The airline group reported a 31.9% decline in second-quarter revenues to €280m while traffic increased by 15.8% on last year to 1.1bn cargo tonne km (CTK).

The performance reflected the continuing normalisation of the cargo market following the Covid pandemic, with passenger airlines seeing cargo traffic improve as they resume services and airfreight rates continuing their slow return to 2019 levels.

The group’s revenues for the period were in line with Q2 2019 which stood at €281m. However, CTKs were still 22% down on the same period in 2019 and yields were 27.8% up so there is still some adjustment to go.

David Shepherd, chief executive of IAG Cargo, said: “While the operating environment has changed significantly in recent months, and the air cargo industry normalises following the pandemic, our primary efforts in the first half of the year have been dedicated to implementing essential transformation.”

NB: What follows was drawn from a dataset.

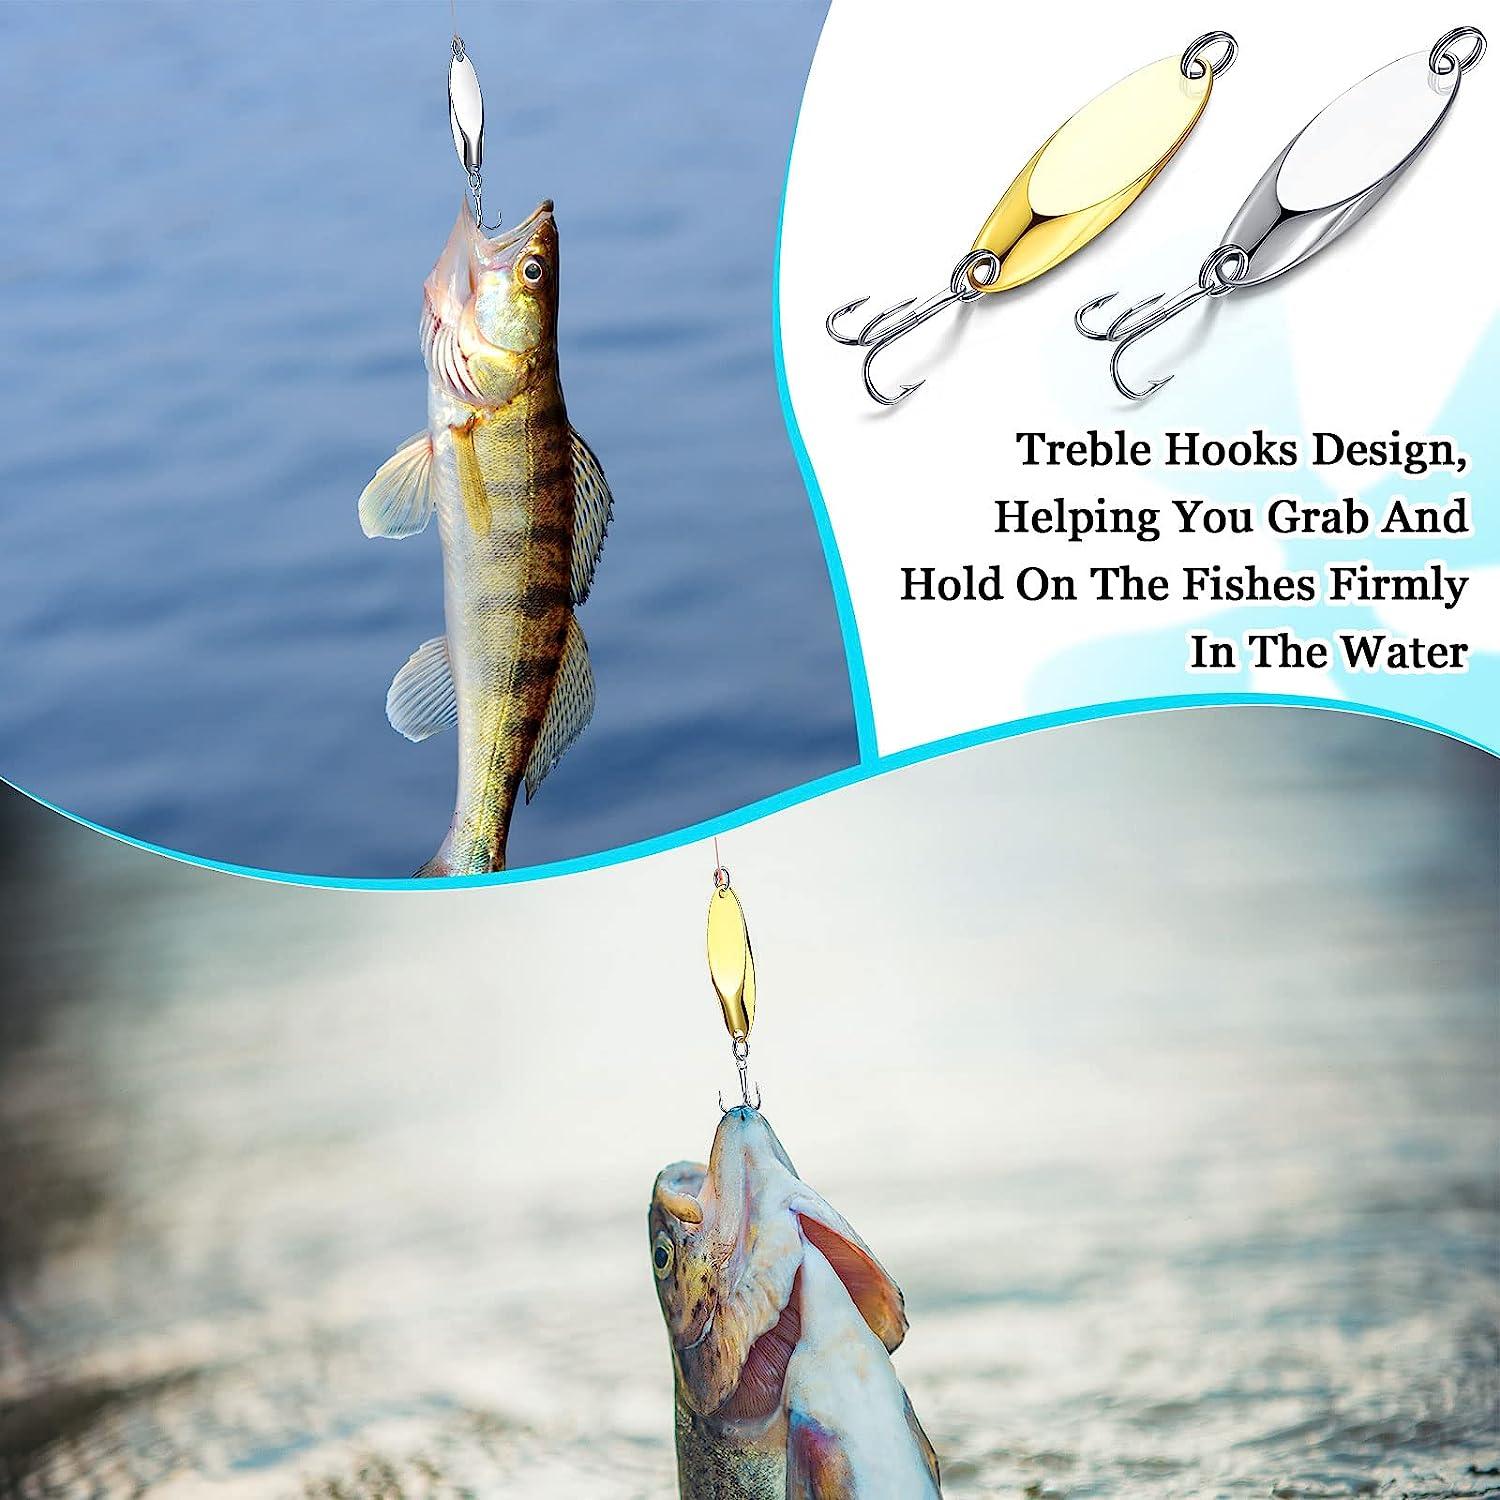 30 Pieces Fishing Spoons Lures, Treble Hooks Fishing Spoons Hard Metal  Spoon Lures Spoons for Huge Distance Cast Saltwater Freshwater Fishing in  1/5 oz 1/4 oz 3/8 oz 1/2 oz 3/4 oz Gold,Silver

He also highlighted the opening of a new €100m, 10,000 sq m semi-automated Heathrow warehouse, New Premia, that more than doubles IAG Cargo’s handling capacity of premium shipments.

“This has included investing in our facilities, operations, and senior leadership team to ensure that we are in a strong position to adapt to the changing market. As well as opening our New Premia operation at Heathrow, we have focused on improving operational processes to make better use of our capacity.”

IAG Cargo also continued to reintroduce network coverage resuming services between London Beijing and Shanghai as well as increasing frequency to Hong Kong and Japan.

There was also growth across North America, approaching pre-pandemic levels, as a new route between London and Cincinnati was added, increasing its North American network to 28 destinations.